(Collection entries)
——————

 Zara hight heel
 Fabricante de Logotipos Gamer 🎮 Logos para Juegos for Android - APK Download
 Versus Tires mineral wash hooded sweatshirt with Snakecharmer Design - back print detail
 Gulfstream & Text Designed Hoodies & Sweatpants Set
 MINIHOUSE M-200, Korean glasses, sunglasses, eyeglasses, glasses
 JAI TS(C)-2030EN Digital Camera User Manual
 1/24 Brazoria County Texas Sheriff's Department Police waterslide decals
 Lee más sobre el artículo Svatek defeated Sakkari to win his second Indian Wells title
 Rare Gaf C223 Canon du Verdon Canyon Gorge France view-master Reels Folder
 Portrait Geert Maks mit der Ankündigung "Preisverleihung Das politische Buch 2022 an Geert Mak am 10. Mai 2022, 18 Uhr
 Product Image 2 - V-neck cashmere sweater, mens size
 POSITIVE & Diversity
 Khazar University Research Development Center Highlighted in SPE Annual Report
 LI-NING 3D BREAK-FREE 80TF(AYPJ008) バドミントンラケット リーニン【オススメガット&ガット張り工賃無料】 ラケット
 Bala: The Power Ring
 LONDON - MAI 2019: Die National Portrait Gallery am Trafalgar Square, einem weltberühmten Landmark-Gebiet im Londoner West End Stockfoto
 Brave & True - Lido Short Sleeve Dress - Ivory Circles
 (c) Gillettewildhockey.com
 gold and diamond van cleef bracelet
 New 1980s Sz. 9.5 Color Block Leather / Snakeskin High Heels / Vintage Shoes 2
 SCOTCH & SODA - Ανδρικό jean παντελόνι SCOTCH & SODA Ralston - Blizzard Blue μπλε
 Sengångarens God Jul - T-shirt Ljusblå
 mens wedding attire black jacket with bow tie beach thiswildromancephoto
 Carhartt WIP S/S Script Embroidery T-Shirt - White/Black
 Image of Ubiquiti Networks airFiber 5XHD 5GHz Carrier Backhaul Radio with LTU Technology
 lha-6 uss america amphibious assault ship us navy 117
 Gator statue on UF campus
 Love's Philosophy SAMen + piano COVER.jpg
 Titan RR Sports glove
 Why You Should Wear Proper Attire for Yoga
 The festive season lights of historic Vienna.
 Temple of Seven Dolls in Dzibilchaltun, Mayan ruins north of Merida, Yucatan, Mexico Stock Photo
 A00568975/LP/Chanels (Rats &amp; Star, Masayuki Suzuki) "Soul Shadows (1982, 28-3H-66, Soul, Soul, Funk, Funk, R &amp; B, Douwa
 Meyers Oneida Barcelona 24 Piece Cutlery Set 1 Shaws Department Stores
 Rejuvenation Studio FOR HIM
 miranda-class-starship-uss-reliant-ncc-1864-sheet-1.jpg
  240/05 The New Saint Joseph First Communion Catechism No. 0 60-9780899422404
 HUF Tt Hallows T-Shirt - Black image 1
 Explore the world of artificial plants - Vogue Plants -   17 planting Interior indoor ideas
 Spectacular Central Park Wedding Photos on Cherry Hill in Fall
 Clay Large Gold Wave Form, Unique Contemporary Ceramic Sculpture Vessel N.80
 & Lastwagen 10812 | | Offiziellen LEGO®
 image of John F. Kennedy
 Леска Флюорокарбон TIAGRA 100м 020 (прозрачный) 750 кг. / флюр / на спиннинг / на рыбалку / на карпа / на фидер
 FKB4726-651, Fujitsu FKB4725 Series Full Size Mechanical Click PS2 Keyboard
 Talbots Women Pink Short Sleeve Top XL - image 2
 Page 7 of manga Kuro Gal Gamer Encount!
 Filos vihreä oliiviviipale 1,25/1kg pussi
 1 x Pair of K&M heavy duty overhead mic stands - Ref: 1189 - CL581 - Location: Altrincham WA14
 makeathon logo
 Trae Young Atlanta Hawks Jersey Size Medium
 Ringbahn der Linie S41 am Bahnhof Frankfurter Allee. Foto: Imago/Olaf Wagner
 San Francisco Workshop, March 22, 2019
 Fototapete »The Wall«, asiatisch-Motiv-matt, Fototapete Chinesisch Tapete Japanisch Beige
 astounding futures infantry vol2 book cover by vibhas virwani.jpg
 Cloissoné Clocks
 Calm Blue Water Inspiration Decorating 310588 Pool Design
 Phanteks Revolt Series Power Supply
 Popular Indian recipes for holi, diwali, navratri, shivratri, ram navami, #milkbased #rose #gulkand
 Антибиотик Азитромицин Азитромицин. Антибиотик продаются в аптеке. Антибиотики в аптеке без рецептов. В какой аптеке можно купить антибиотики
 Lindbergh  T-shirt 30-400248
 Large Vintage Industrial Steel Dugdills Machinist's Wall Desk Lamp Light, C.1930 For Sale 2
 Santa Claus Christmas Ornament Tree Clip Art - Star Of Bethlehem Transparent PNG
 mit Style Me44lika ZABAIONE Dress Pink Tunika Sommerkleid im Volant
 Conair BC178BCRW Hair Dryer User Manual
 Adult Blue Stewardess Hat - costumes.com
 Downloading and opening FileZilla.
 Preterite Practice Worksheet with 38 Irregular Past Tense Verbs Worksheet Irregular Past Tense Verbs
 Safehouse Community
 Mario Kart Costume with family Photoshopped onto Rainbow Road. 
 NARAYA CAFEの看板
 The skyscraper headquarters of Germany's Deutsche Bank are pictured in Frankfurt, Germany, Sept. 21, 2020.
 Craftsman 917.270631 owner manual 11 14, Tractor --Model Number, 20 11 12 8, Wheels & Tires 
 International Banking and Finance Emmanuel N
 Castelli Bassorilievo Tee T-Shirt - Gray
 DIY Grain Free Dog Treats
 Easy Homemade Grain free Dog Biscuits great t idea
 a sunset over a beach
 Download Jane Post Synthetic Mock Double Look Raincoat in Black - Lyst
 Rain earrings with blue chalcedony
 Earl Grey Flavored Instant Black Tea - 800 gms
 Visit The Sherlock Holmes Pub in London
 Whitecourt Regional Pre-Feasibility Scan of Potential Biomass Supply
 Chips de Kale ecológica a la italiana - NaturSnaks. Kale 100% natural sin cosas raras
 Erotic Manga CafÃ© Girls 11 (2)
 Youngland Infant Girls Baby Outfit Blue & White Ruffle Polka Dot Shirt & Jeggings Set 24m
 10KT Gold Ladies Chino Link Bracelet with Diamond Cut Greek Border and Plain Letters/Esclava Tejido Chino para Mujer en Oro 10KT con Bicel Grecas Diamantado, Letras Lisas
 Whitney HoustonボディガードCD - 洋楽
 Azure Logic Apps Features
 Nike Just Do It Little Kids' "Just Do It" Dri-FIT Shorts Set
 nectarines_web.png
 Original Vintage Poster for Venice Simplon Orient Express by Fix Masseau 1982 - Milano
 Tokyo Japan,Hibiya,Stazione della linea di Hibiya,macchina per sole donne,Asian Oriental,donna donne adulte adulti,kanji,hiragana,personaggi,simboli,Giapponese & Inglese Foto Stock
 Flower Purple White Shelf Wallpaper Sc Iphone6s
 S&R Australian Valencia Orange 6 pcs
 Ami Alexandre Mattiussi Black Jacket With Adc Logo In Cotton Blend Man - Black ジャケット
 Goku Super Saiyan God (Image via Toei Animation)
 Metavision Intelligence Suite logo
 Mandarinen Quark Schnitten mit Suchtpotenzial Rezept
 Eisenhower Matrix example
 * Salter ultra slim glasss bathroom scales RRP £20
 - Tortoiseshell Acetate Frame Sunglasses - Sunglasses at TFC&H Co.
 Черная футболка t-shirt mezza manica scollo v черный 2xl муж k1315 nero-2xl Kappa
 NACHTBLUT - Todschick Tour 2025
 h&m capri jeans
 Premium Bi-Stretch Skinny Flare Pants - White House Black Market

——————

**WHAT IS EXPECTED**
Return each line of the entries that holds the string "Large".

**ANSWER TO THIS EXERCISE**
 Clay Large Gold Wave Form, Unique Contemporary Ceramic Sculpture Vessel N.80
 Large Vintage Industrial Steel Dugdills Machinist's Wall Desk Lamp Light, C.1930 For Sale 2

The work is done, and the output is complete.